(Stored dataset items)
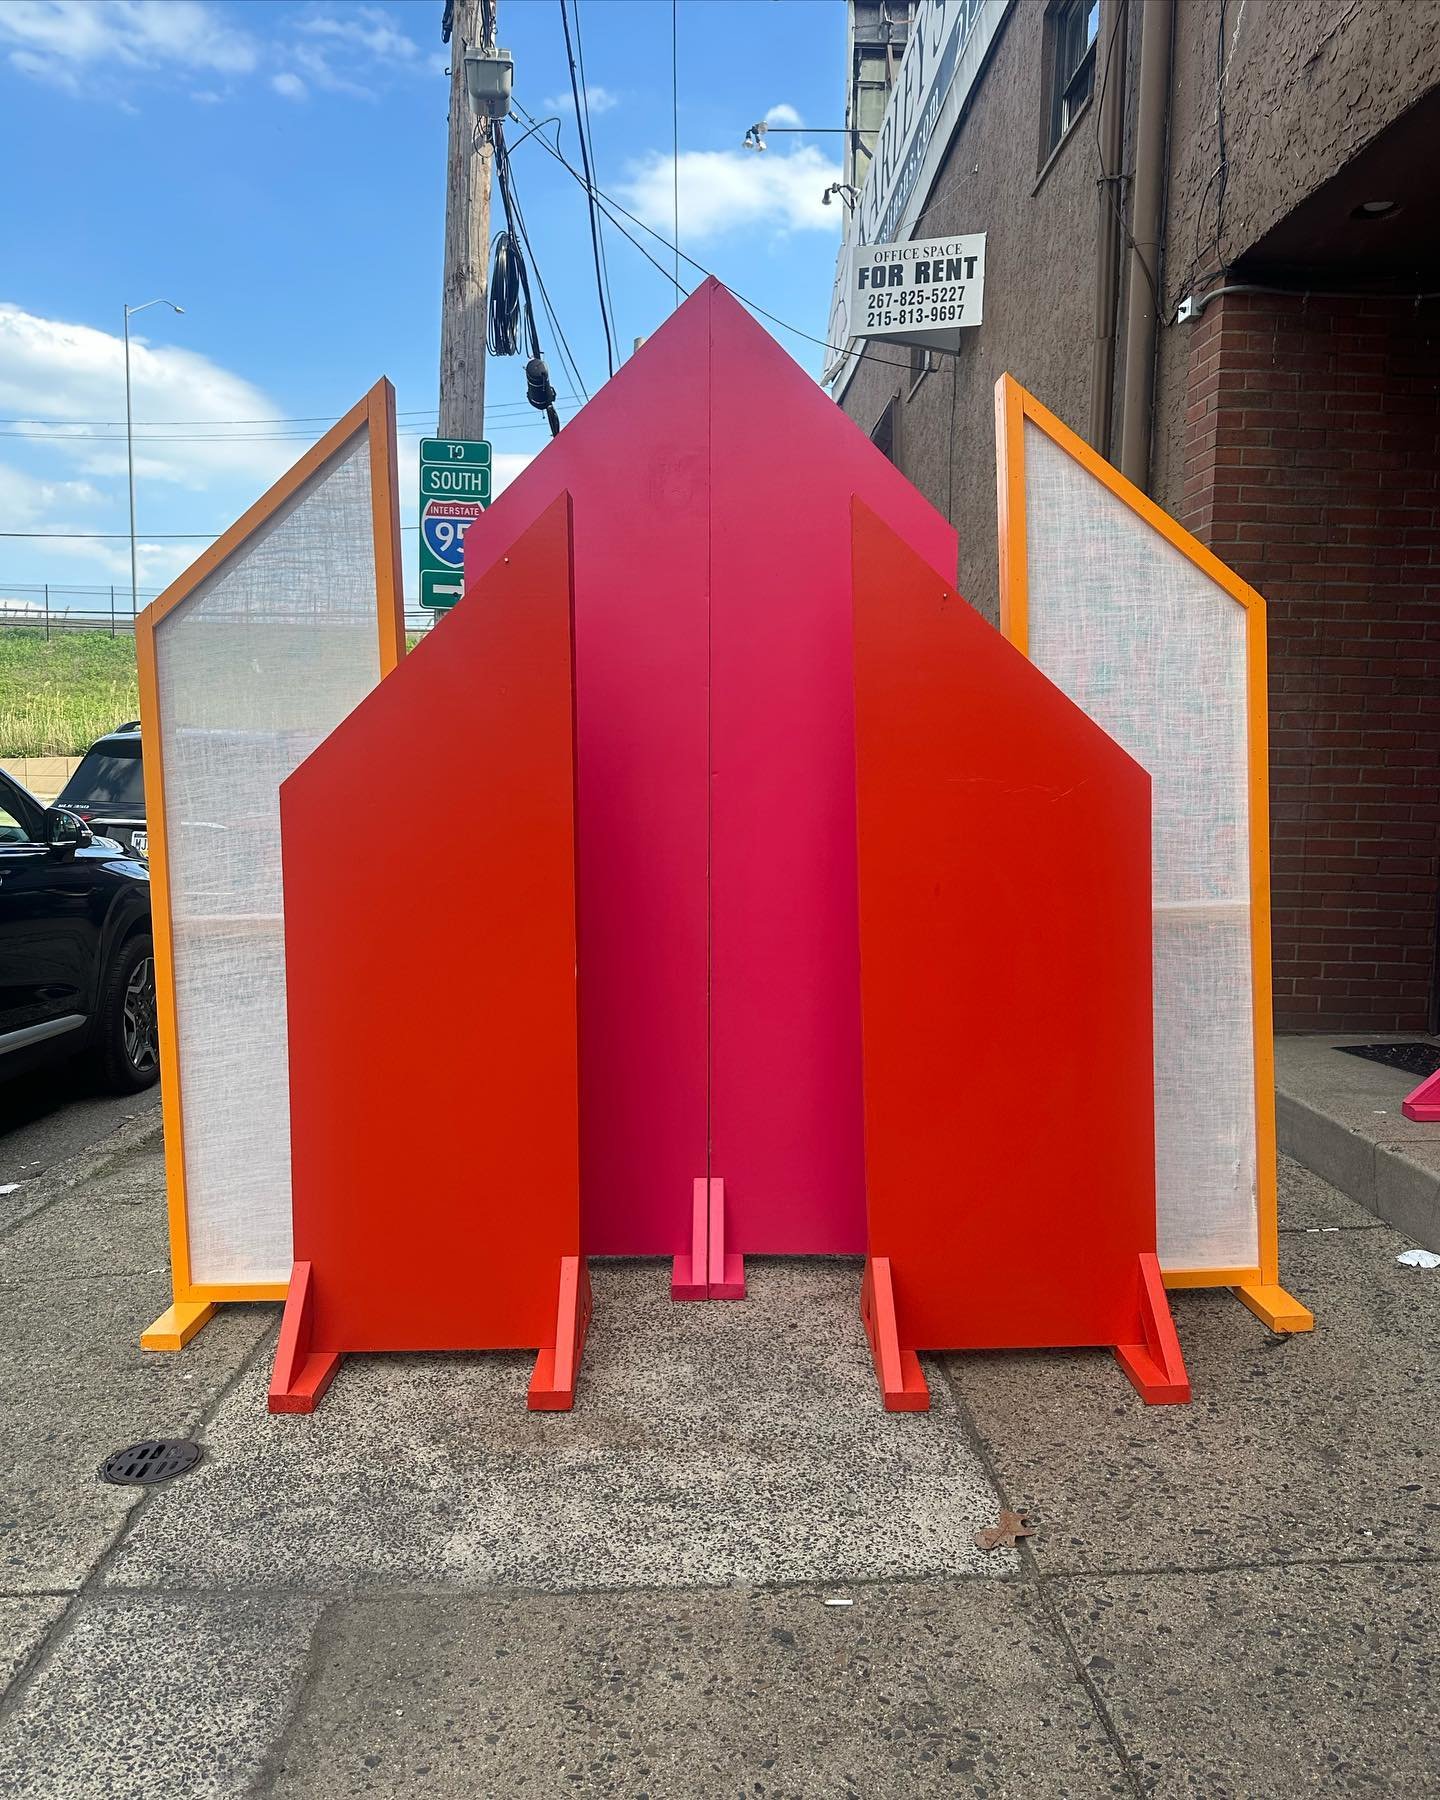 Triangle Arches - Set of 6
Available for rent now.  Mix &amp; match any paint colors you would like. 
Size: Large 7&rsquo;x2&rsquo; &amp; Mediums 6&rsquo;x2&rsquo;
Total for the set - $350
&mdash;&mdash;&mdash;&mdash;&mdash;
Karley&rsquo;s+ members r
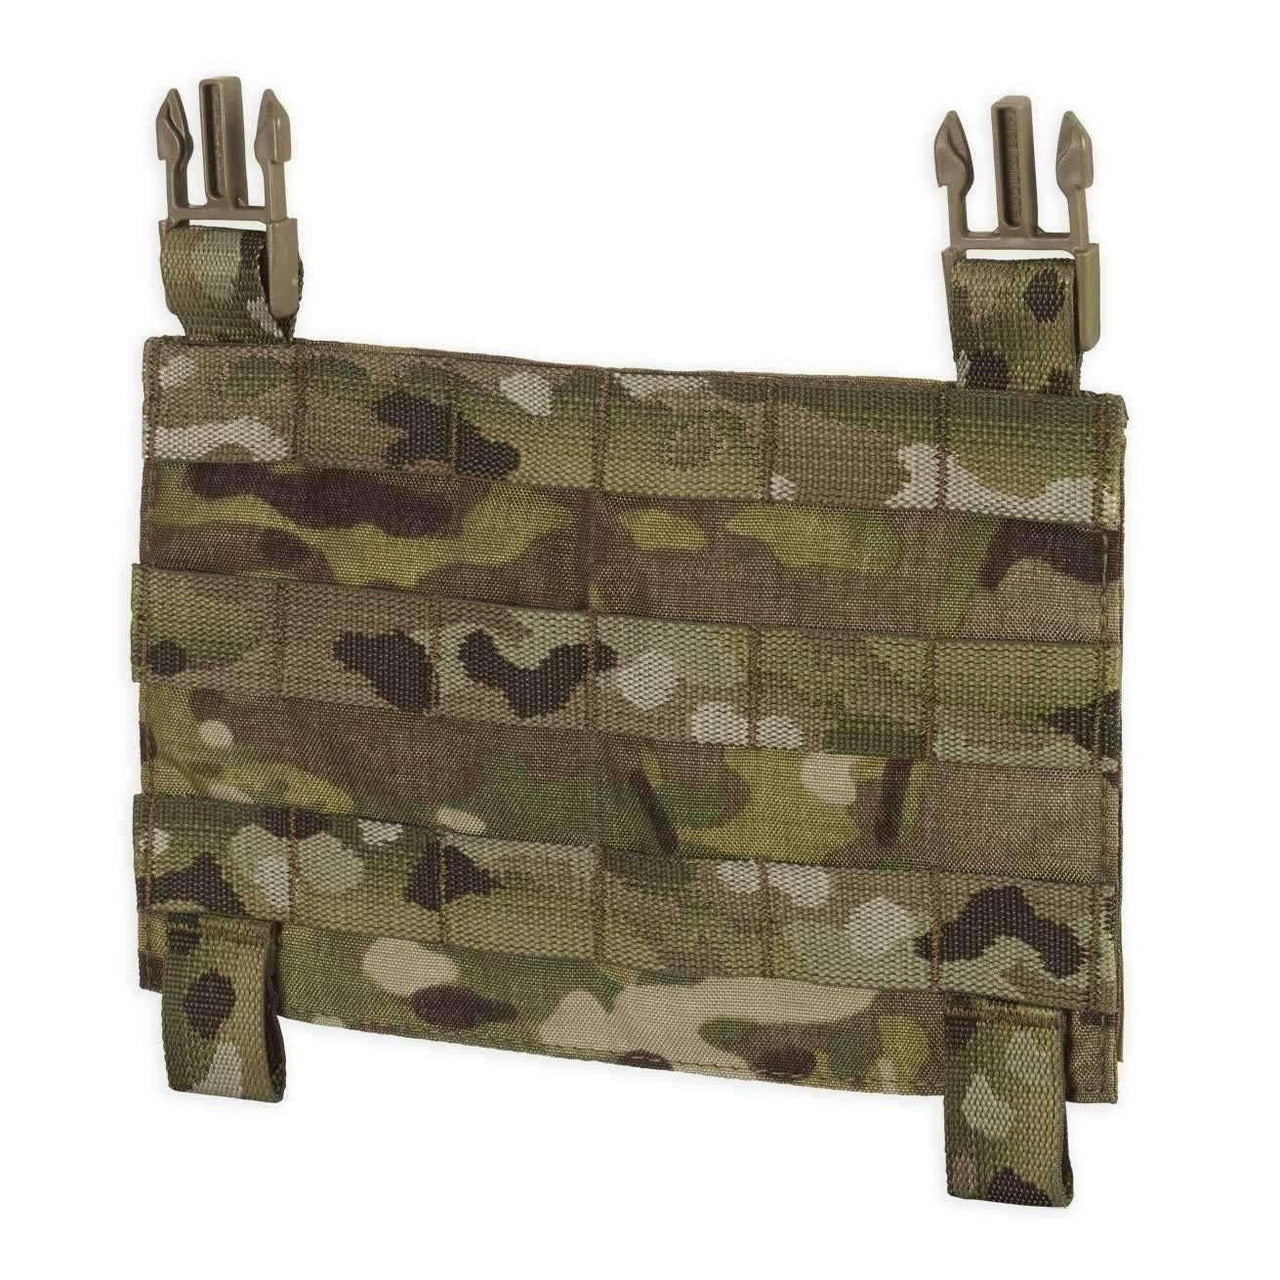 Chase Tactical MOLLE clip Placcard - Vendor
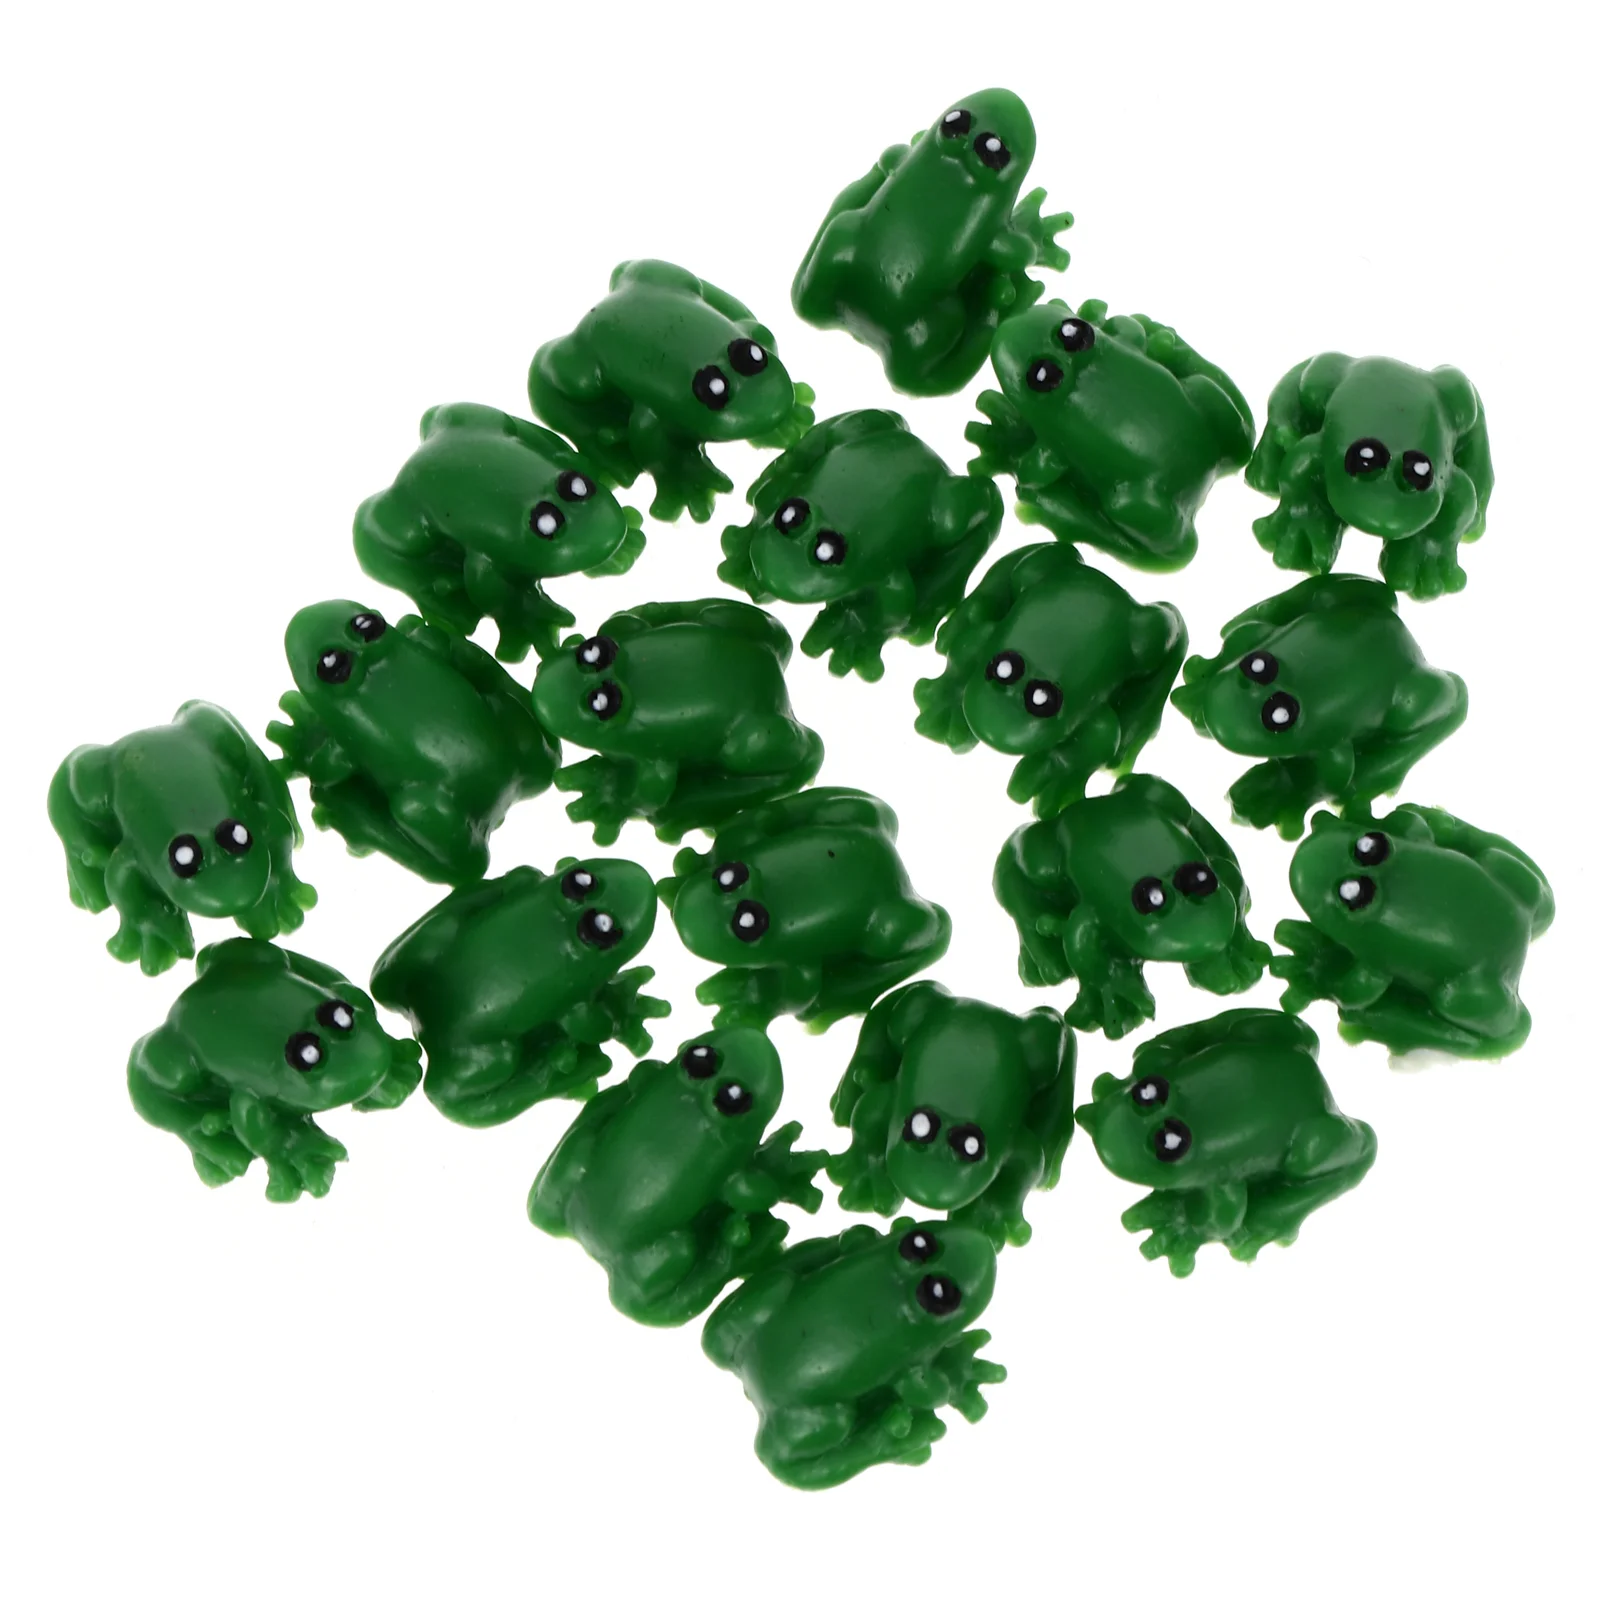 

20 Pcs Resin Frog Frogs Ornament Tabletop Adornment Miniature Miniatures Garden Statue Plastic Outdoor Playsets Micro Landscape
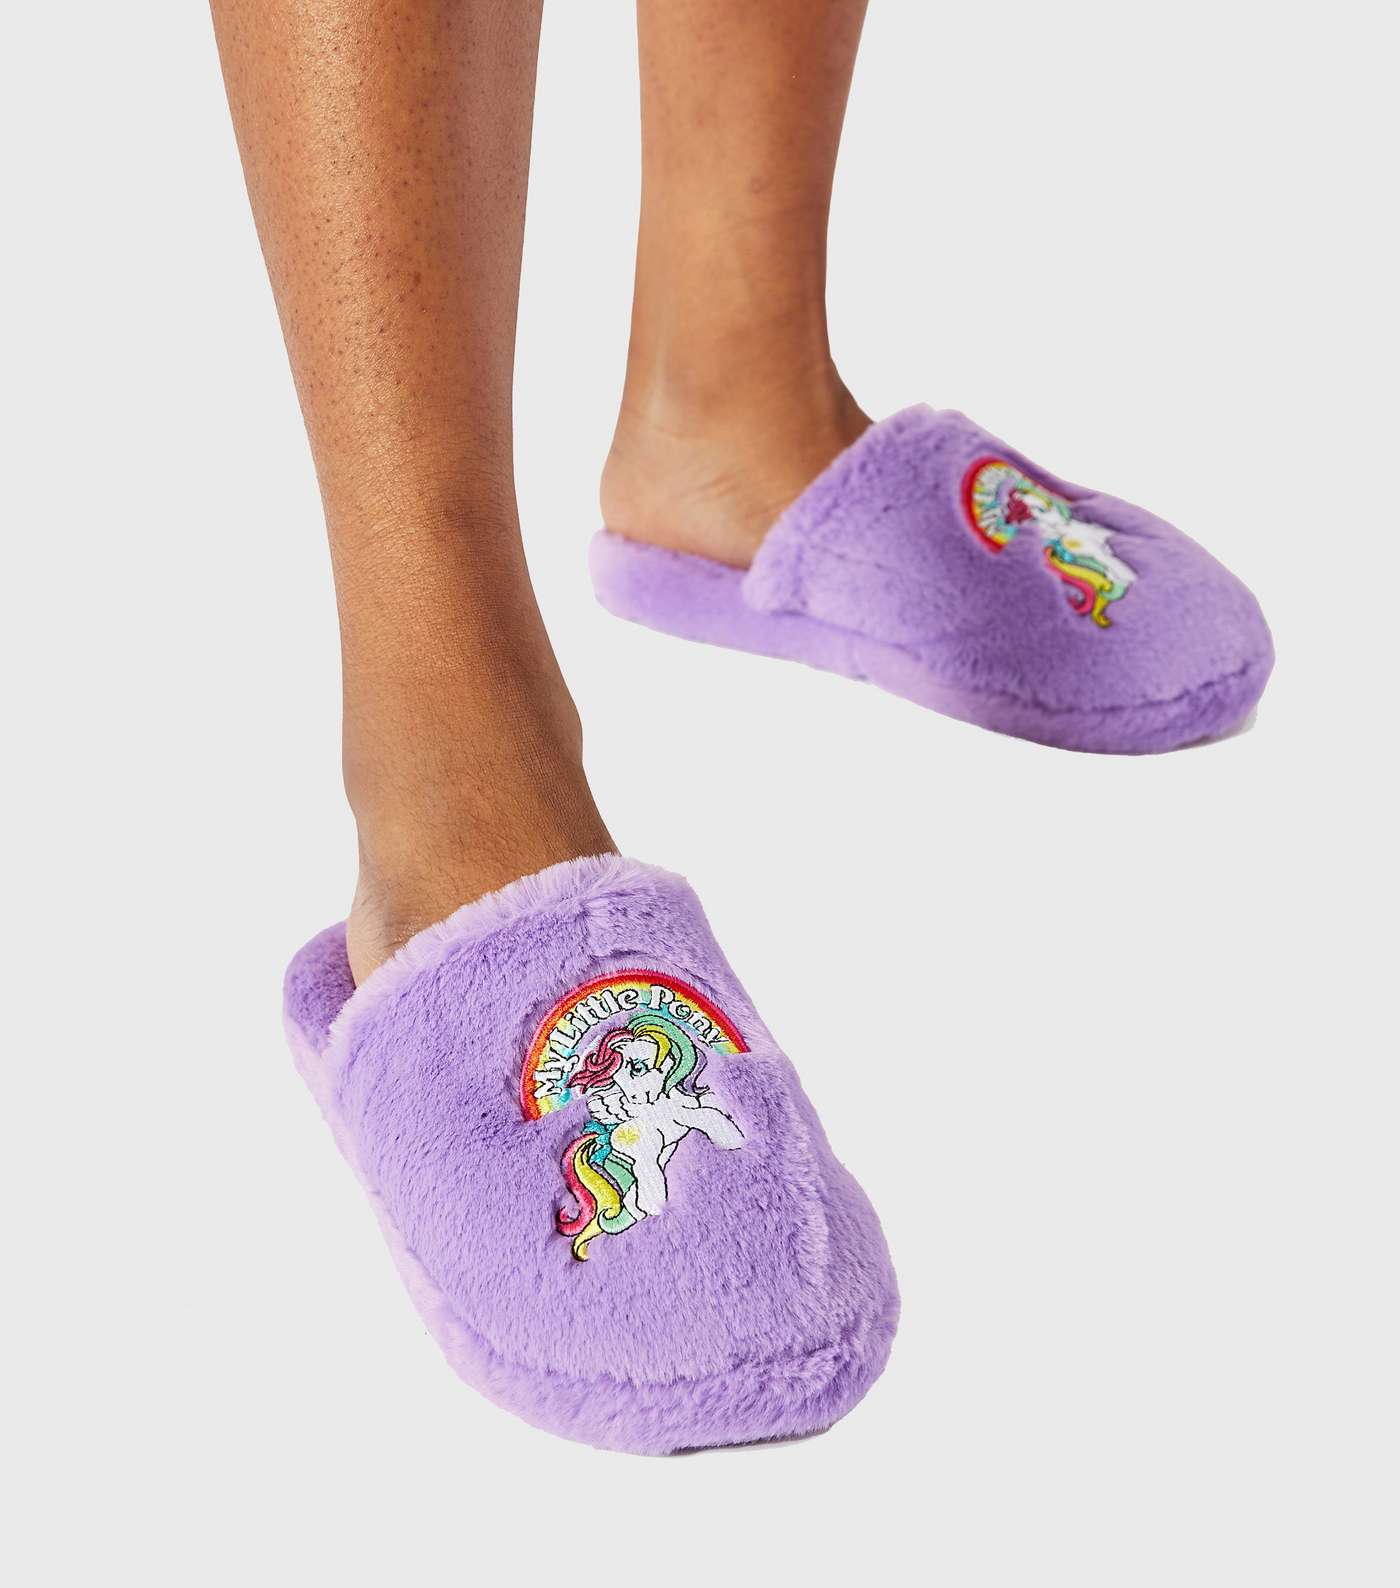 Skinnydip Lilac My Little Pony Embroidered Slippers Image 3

### ASSIGNMENT
Could you reproduce the data above exactly, without its pictures?

### SOLUTION
 Triangle Arches - Set of 6
Available for rent now.  Mix &amp; match any paint colors you would like. 
Size: Large 7&rsquo;x2&rsquo; &amp; Mediums 6&rsquo;x2&rsquo;
Total for the set - $350
&mdash;&mdash;&mdash;&mdash;&mdash;
Karley&rsquo;s+ members r
 Chase Tactical MOLLE clip Placcard - Vendor

20 Pcs Resin Frog Frogs Ornament Tabletop Adornment Miniature Miniatures Garden Statue Plastic Outdoor Playsets Micro Landscape
 Skinnydip Lilac My Little Pony Embroidered Slippers Image 3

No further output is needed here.